When she had gone, he relocked the boiler room door. There was no way he could cover up the broken hasp on the storage room entrance, but when Barney didn’t find anything missing in the morning, he would probably put it down to vandals.

Flagg moved off through the darkness toward where he had left his camper.


The sun was a brilliant red disc on the eastern horizon when Flagg appeared at the edge of the Big Tree River early next morning. He wore an old army jacket and rubber wading boots, and carried a tackle box and a glass trout rod. He puffed contentedly on a briar pipe.

He set the tackle box down on the spongy bank, opened it, removed a fly reel, and attached it to the rod. From the half dozen or so steelhead trout flies hooked to his jacket, he selected a Klamath Nymph and busied himself tying it on the nylon line. When he had finished, he adjusted the old and battered hat he wore, tested his boots in the rushing water for leakage, and then stepped into the narrow stream.

He glanced at the opposite bank from time to time, in a seemingly uninterested way.

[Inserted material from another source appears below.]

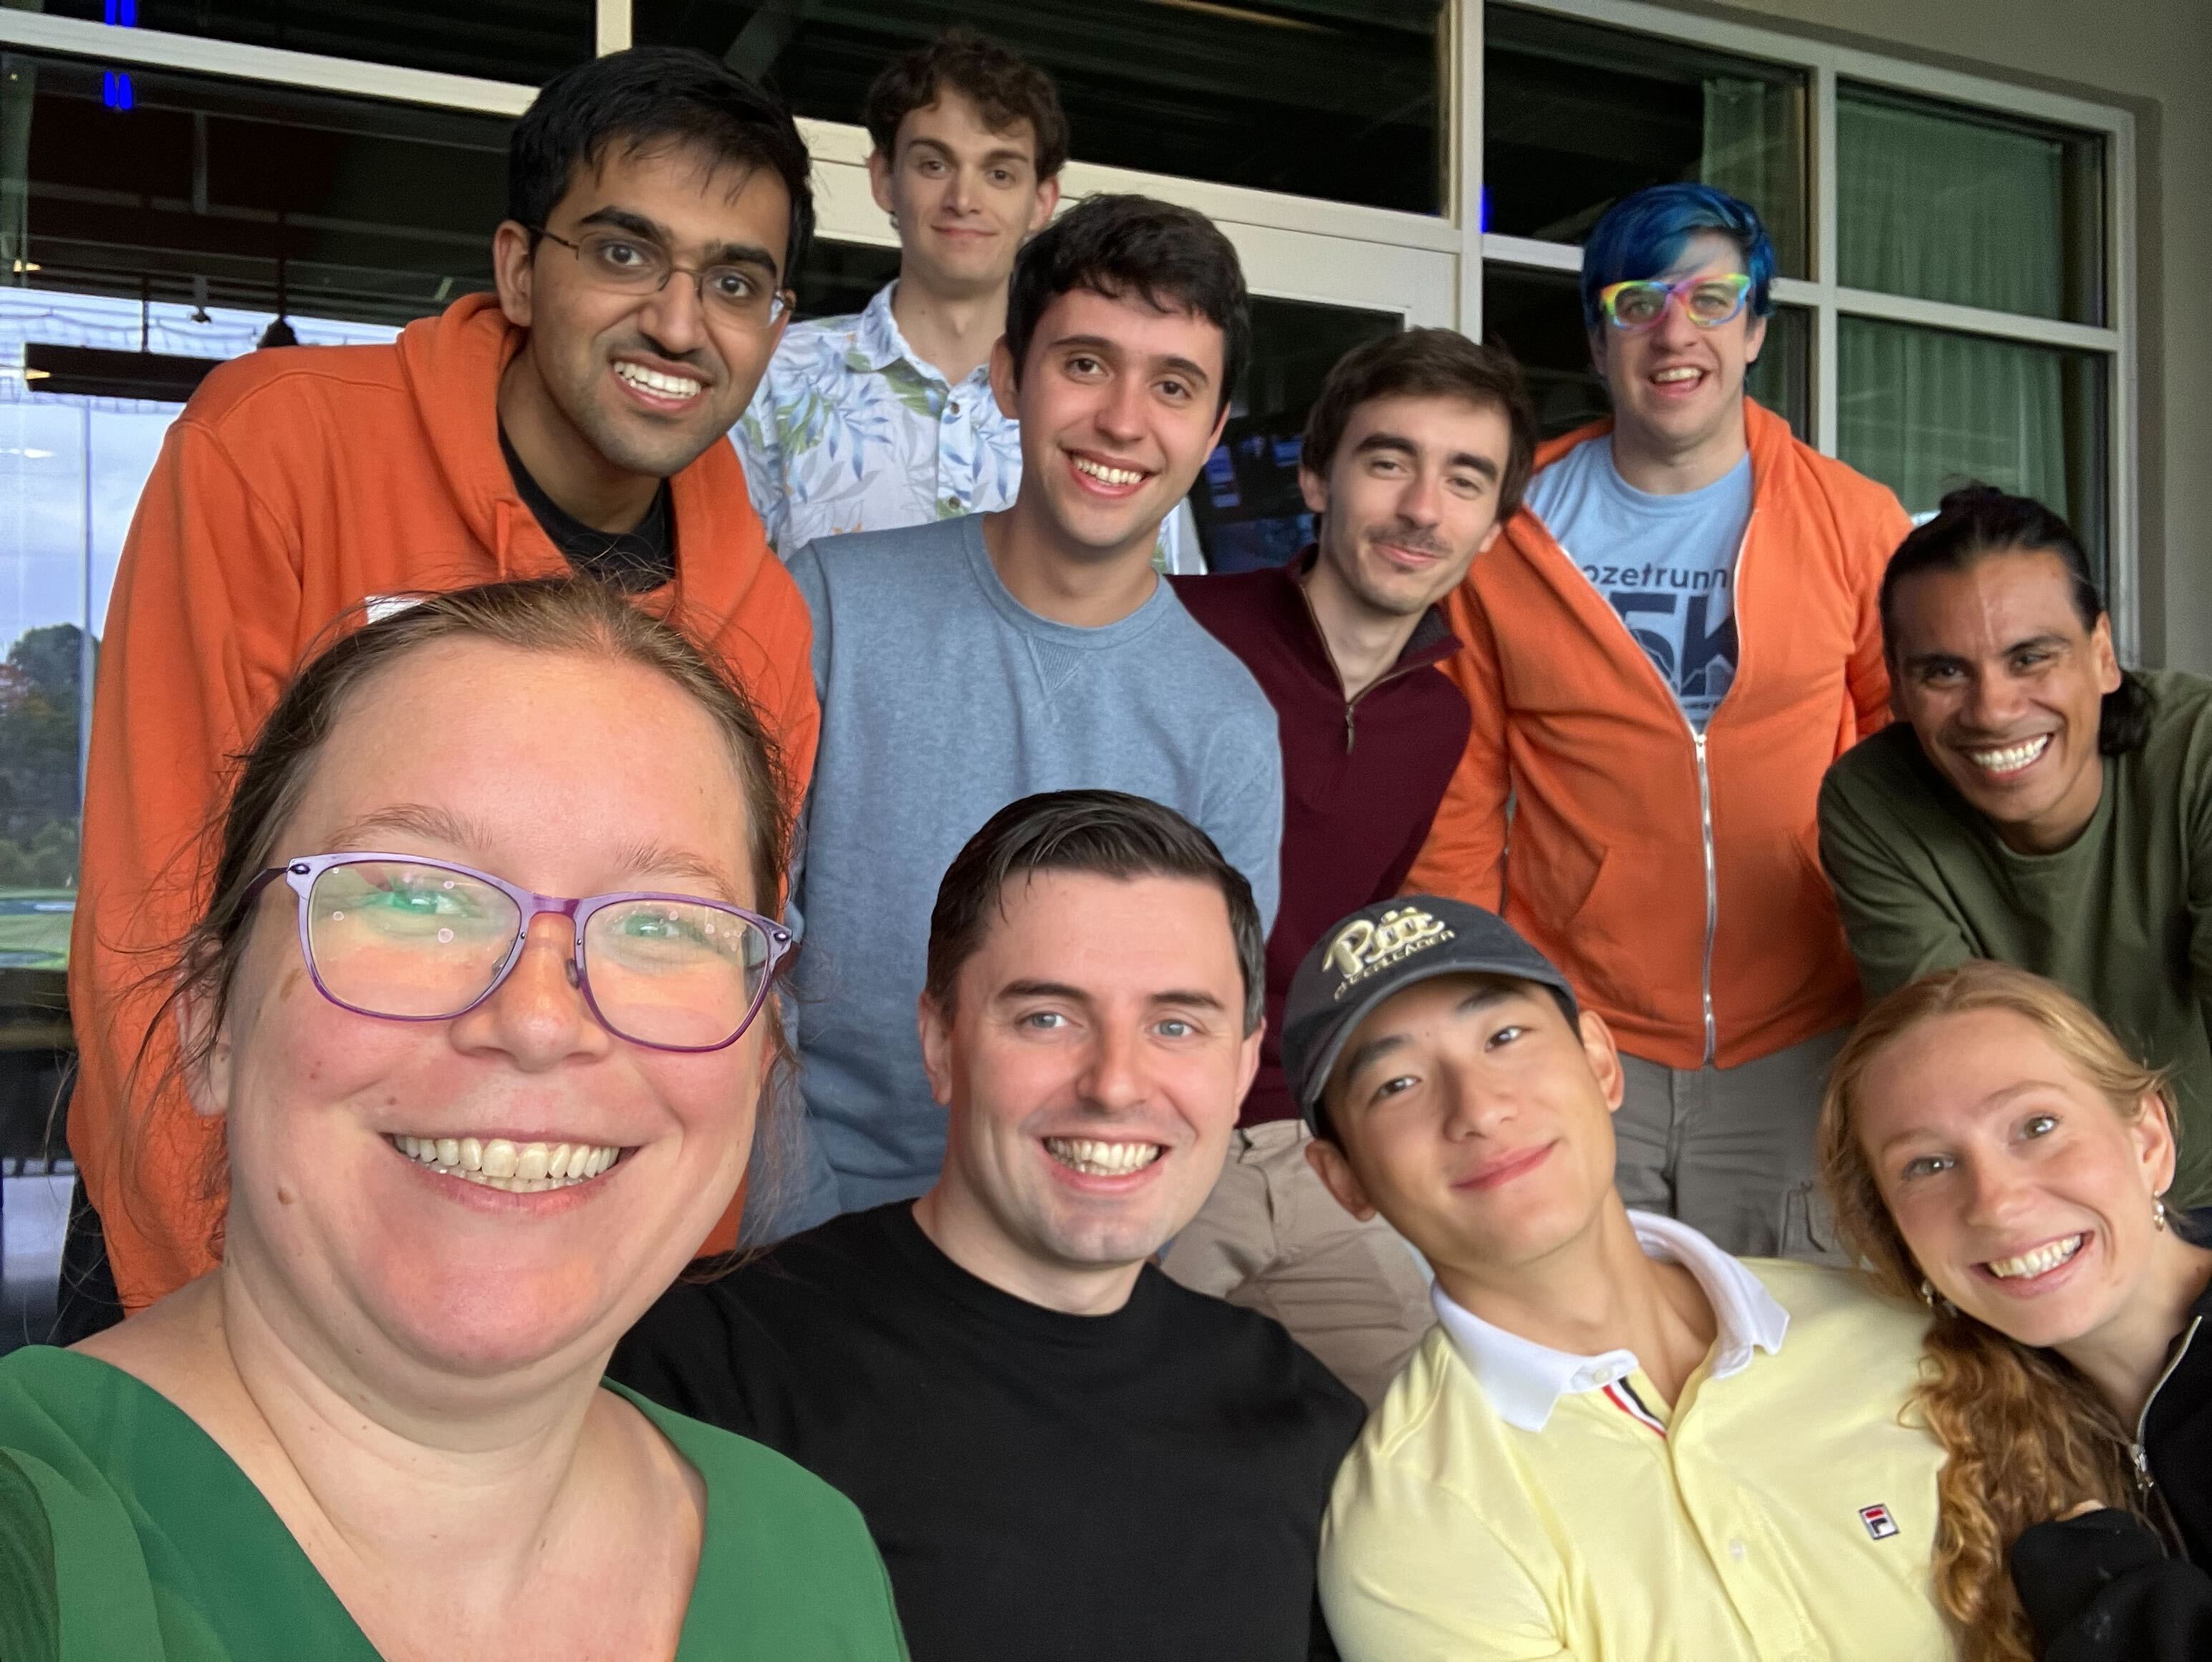 squaresLab goes to Topgolf

A dirt trail led up to Hathaway Road there, and less than fifty yards beyond the road was the fenced compound of Tru-Test Petroleum.

It was a large concern. The main entrance was some seventy-five yards to the south on Hathaway Road, and there was a sentry box with a uniformed guard. The gates opened electronically, from controls inside the box. Flagg could not see much of what went on inside the compound.

He spent three hours fishing in the Big Tree River, working his way upstream slowly until he had drawn opposite the main entrance. He caught four trout, and threw them all back. During that time, several dark green delivery trucks with the company name emblazoned on the doors and sides arrived and departed at regular intervals. One large diesel tanker came just before nine, and left forty minutes later. A new limousine driven by a redhaired man entered the Tru-Test grounds at nine twenty. There was no other traffic.

At eleven o’clock, Flagg packed up his fishing gear and left the stream.


Shortly before three that afternoon — twenty minutes after another of the large diesel tankers had arrived at Tru-Test, and half an hour after the redhaired man had driven out in his new limousine — a white panel truck with the words RIGHT WAY PLUMBING, INC. plastic-stenciled on the sides stopped before the locked entrance gates.

The uniformed guard came out of the sentry box and looked inside. “Yes?”

“Here to fix the john in the warehouse,” Flagg said. He wore a pair of faded blue overalls and a baseball cap. He was still puffing on his briar pipe.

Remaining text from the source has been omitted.